I reject totally any authority they may claim to have upto and until they ask the people in a binding referendum.
@ Ian Well, you’re OK then, because the European Commission doesn’t have any power to impose laws. The decision-making bodies in the EU are the directly-elected European Parliament and the Council of Ministers, composed of representatives of directly-elected national governments. They enact the laws, not the European Commission.
Following the ratification of the Lisbon Treaty, the first pillar of EU law has been satisfied, subsumed into the Treaty on the EU (TEU) and into the renamed Treaty on the Functioning of the EU (TFEU). Such treaties provided primary law within all 27 member states.
As the Lisbon Treaty as subsumed allows for self amendment, there will be no more treaties of this kind, only International Agreements that will now be negotiated and sealed by the EU, and former treaties that will be adopted and form part of the TEU and TFEU, an example of which can be found here.
All other law, in the parlance of the EU, is called Secondary Legislation, and it is derived in the following ways, and I outline the three most important elements of secondary legislation, Regulations, Directives and Decisions. (and I take this from the EUR-LEX database direct).
The ‘secondary legislation’ is the third major source of Community law after the treaties (primary legislation) and international agreements. It can be defined as the totality of the legislative instruments adopted by the European institutions pursuant to the provisions of the treaties. Secondary legislation comprises the binding legal instruments (regulations, directives and decisions) and non-binding instruments (resolutions, opinions) provided for in the EC Treaty, together with a whole series of other instruments such as the institutions’ internal regulations and Community action programmes.
Adopted by the Council in conjunction with the European Parliament or by the Commission alone, a regulation is a general measure that is binding in all its parts. Unlike directives, which are addressed to the Member States, and decisions, which are for specified recipients, regulations are addressed to everyone.
A regulation is directly applicable, which means that it creates law which takes immediate effect in all the Member States in the same way as a national instrument, without any further action on the part of the national authorities.
Adopted by the Council in conjunction with the European Parliament or by the Commission alone, a directive is addressed to the Member States. Its main purpose is to align national legislation.

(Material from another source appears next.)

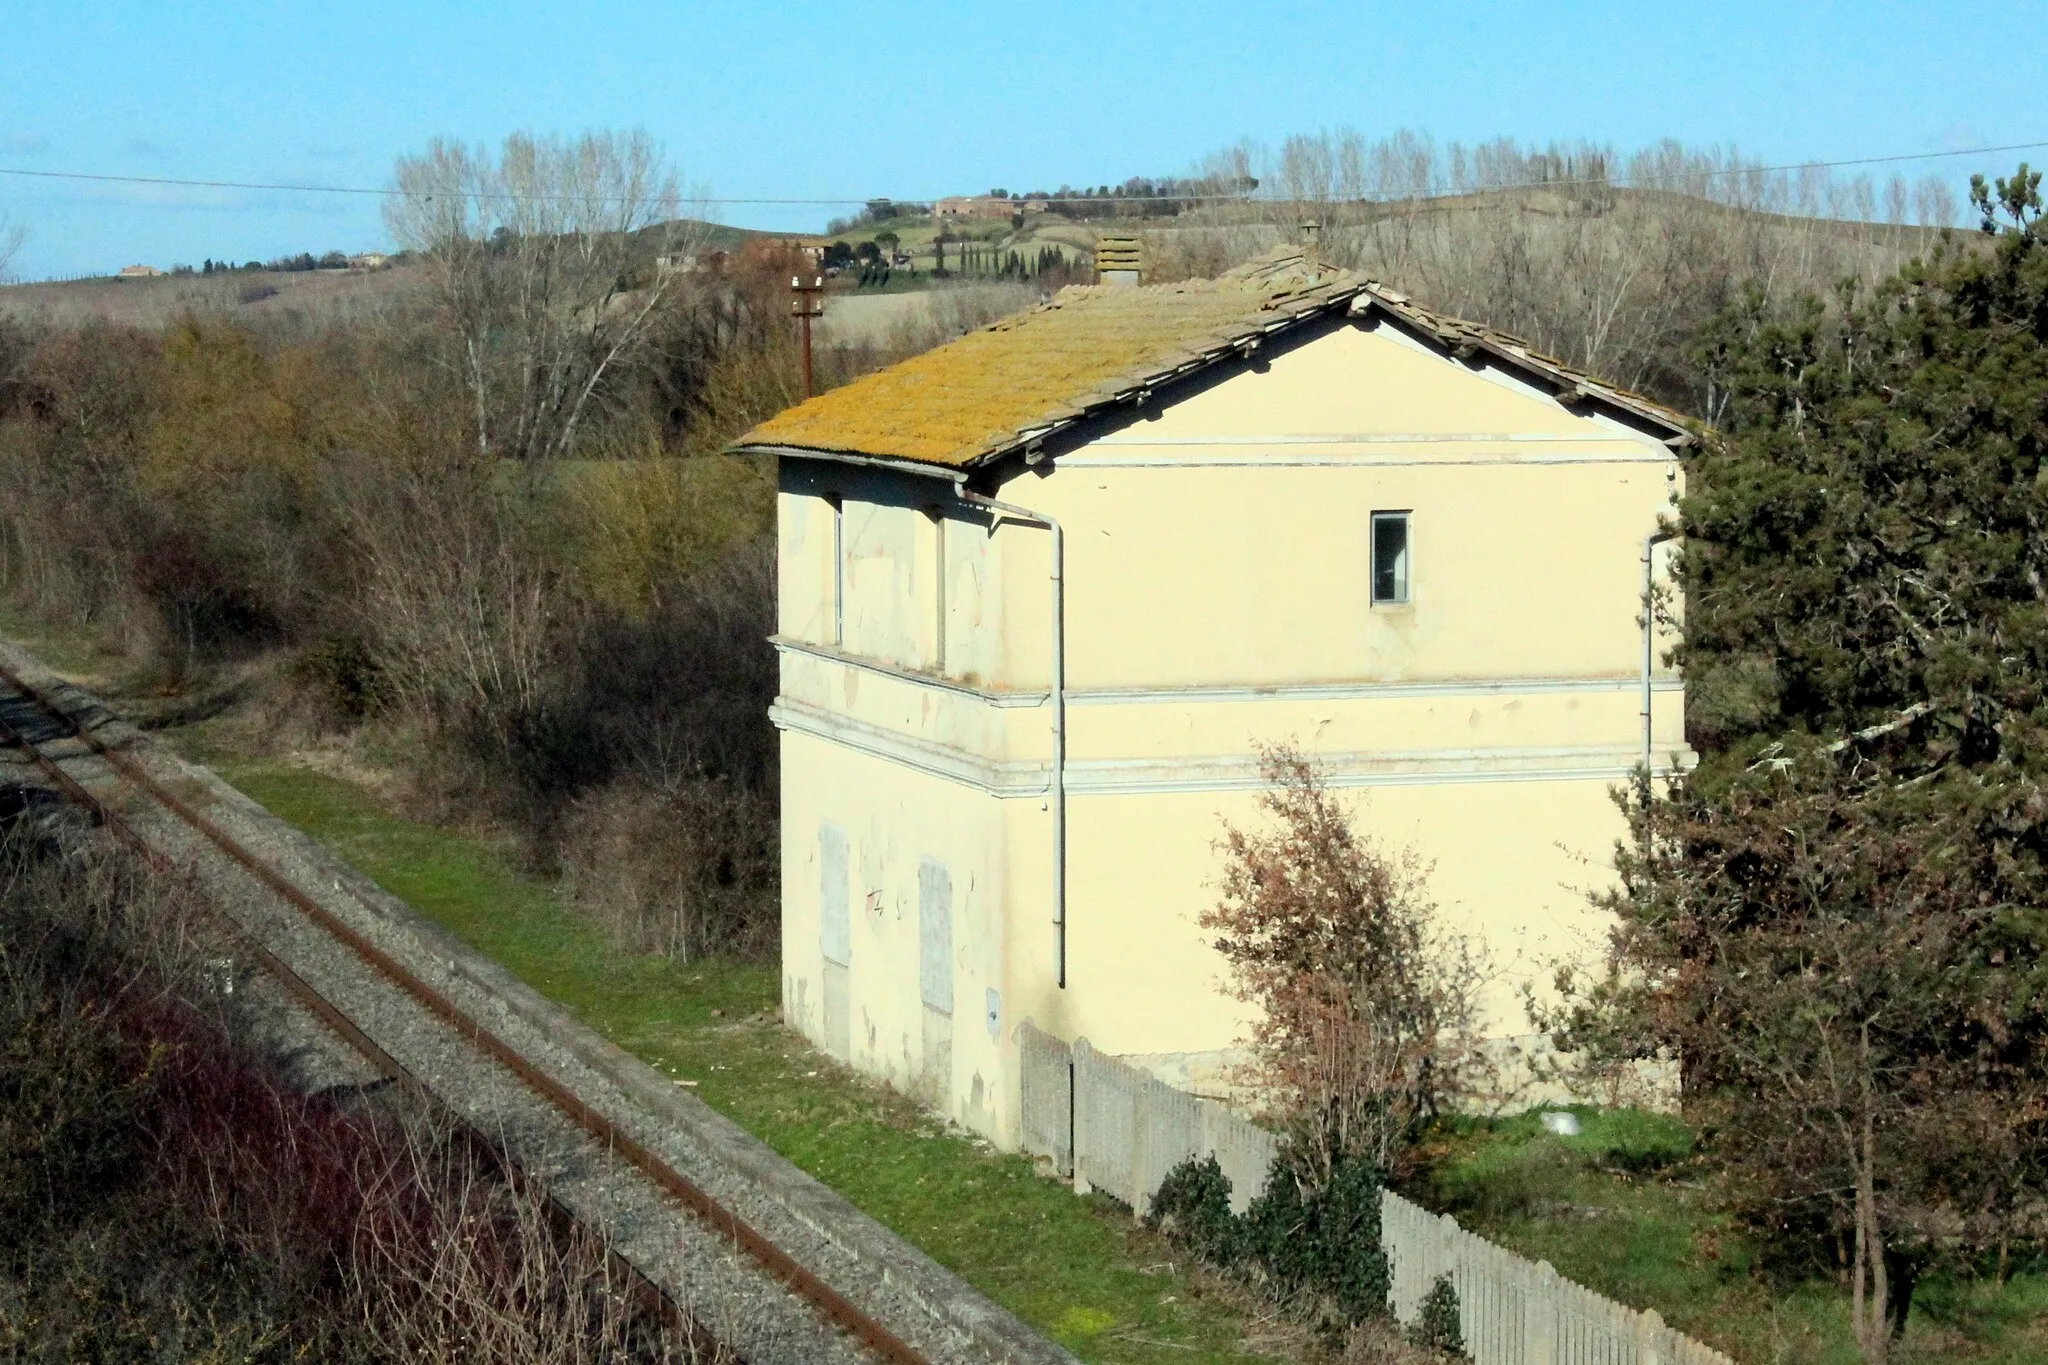 Photo showing: Ponte d'Arbia, Ex-Train Station in Ponte d'Arbia, hamlet of Monteroni d'Arbia and Buonconvento, Province of Siena, Tuscany, Italy. Train Station is on the side of Monteroni d'Arbia

A directive is binding on the Member States as to the result to be achieved but leaves them the choice of the form and method they adopt to realise the Community objectives within the framework of their internal legal order.

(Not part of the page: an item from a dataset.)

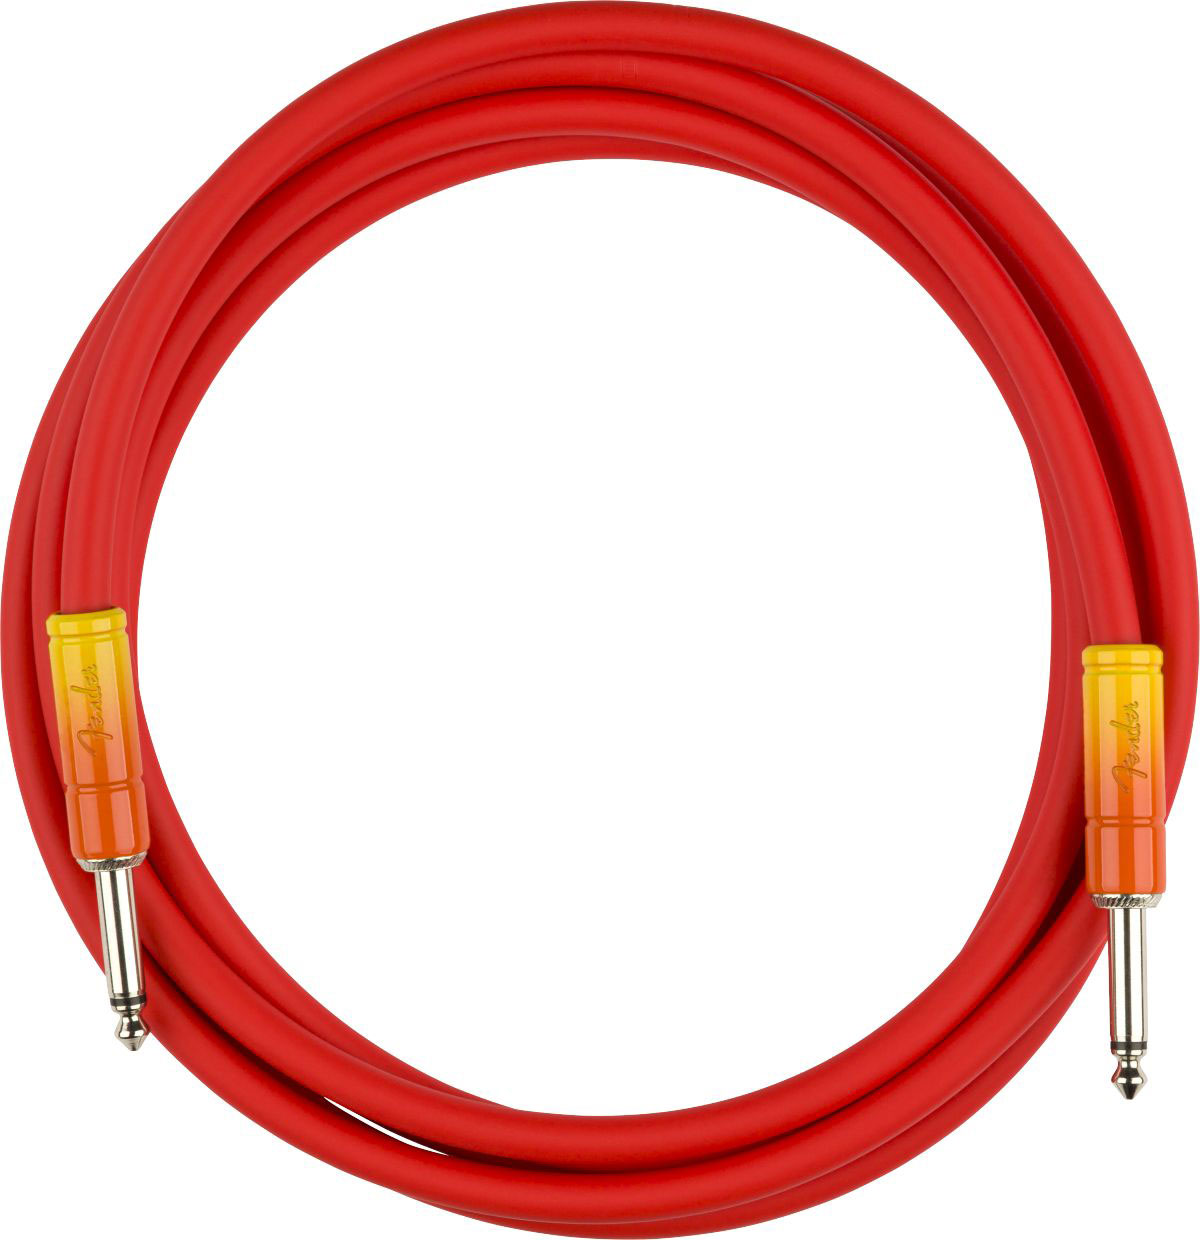 FENDER 10' OMBR CABLE TEQUILA SUNRISE

If a directive has not been transposed into national legislation in a Member State, if it has been transposed incompletely or if there is a delay in transposing it, citizens can directly invoke the directive in question before the national courts.
Adopted either by the Council, by the Council in conjunction with the European Parliament or by the Commission, a decision is the instrument by which the Community institutions give a ruling on a particular matter. By means of a decision, the institutions can require a Member State or a citizen of the Union to take or refrain from taking a particular action, or confer rights or impose obligations on a Member State or a citizen.
A decision is:
– an individual measure, and the persons to whom it is addressed must be specified individually, which distinguishes a decision from a regulation,
– binding in its entirety.
It is important to remember that our UK Parliament, our MP’s, now only create on their own initiative in the UK something in the region of 15% of the laws that pass through Westminster. All other laws and Statutory Instruments are in furtherance of laws that have been made in Brussels using the 3 methods above.